Nasz Pięciokot... cz.17 Pieciokot i ludzkie mlode...

blaski i cienie życia z kotem

Moderatorzy: Estraven, Moderatorzy

Post » Pon lut 04, 2013 10:50 Re: Nasz Pięciokot... cz.17 Pieciokot i ludzkie mlode...

Kinga! Karol jest super chłopak :D
Rośnie jak na drożdżach.
Wchodzi w taki wiek, że trzeba mieć oczy dookoła głowy.
Ale masz z Niego pociechę i radość.

Moja Magda ma na 2 czerwca termin porodu.
Po dwóch poronieniach Bardzo to dla nas ważny moment.

Zazusia

 
Posty: 2534
Od: Pon lut 21, 2005 9:50
Lokalizacja: Okolice Krakowa

Post » Pon lut 04, 2013 11:05 Re: Nasz Pięciokot... cz.17 Pieciokot i ludzkie mlode...

Ayo, cos w tym jest.
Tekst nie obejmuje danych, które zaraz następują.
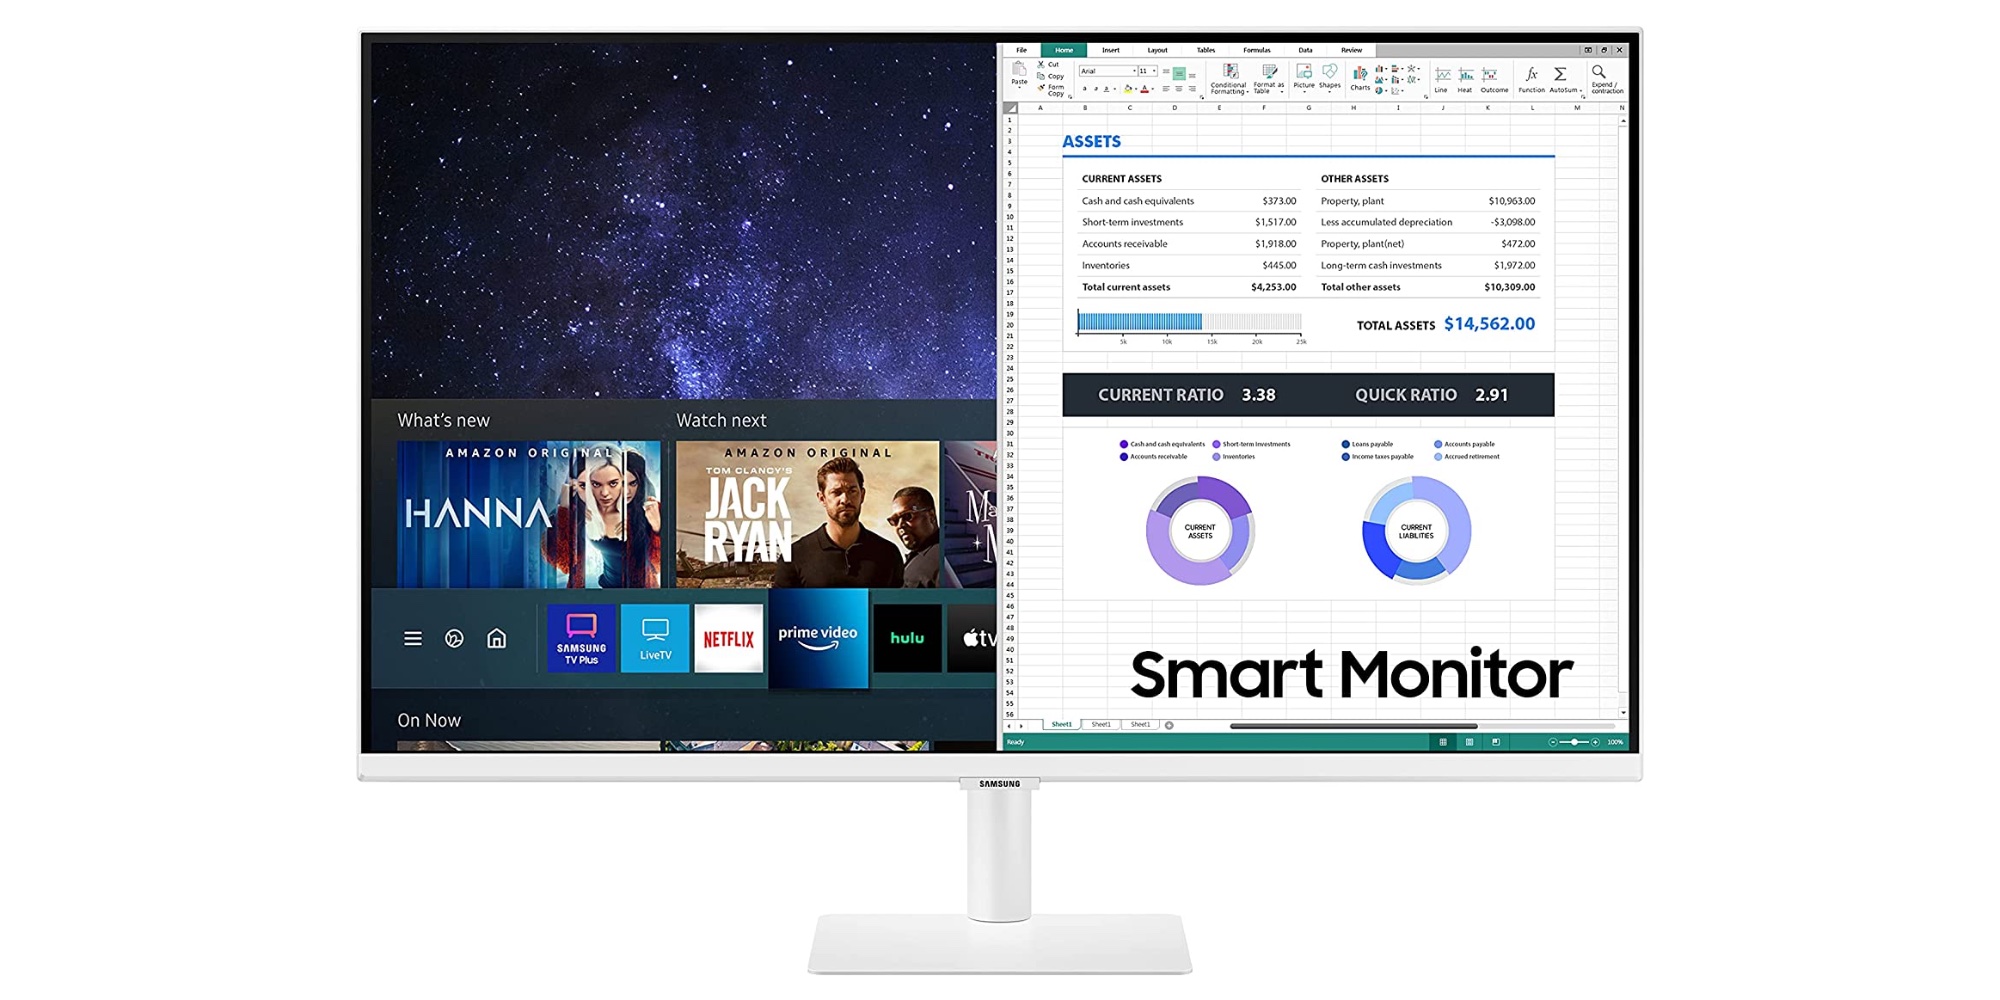 kust Ik was mijn kleren Anekdote Samsung's new white 27-inch M5 AirPlay 2 Monitor drops in price for second  time to $220 - 9to5Toys

Tzn. zwraca sie tu uwage, zeby nie przegrzewac dzieci, ale mysle ze Anglicy przeginaja pale w druga strone - widok malusienkiego, 2-3 miesiecznego dziecka, z gola glowa na lodowatym wietrze, z noskiem sino-koperkowym, buraczkowymi uszkami... jakos do mnie nie przemawia. Mysle, ze oni czesto maja w d... i ida na latwizne, bo jak inaczej okreslic, pakowanie dziecka z golym tylkiem (w pampersie oczywiscie), bezposrednio w spiworek na wozku? Do tego kurtka, kaptur kurtki na glowe i gotowe. Fakt, ze jak na ulicy widzimy opatulone dziecko, to pewnie polskie, fakt, ze Polki tez przeginaja bo ledwie sie chlodniej zrobilo, juz dzieci w szalikach, czapkach nacisnietych az po nos... W stosunku do tego czego mnie uczono lat temu 20 bardzo odpuscilam i widze ze to dziala. Karol latem latal bez czapki (a uczono mnie chronic uszka przy najmniejszym wiaterku), dopiero jak zaczal siedziec, zakladalam mu plocienna czapke z daszkiem, ktory rzucal cien na oczka i maly sie nie wkurzal, ale uszy dalej "wietrzyl". Tu zimy nie sa tak mrozne, raczej dzdzyste bardziej i wietrzne, wiec jesli wiatr nie jest silny, zakladam malemu kurtke i bluze z kapturem pod nia, kapturek na lepetyne i gra. Ew. ktoras z moich czapek, ale na polska zime one sie nie nadaja bo to po prostu szydelkowe czapule. Tu wazniejsza jest nieprzewiewnosc ciucha niz jego grubosc. Z takich angielskich obyczajow... Dzieci w szkole, wychodza na podworko w gumiaczkach. W zimie. Brrr... Z lekcji nie zwalnia dziecka kaszel czy katarek - jak nie ma goraczki, ma chodzic do szkoly - wiec dzieciarnia tu zazwyczaj zagilana po pas, ale tym sie nikt nie przejmuje.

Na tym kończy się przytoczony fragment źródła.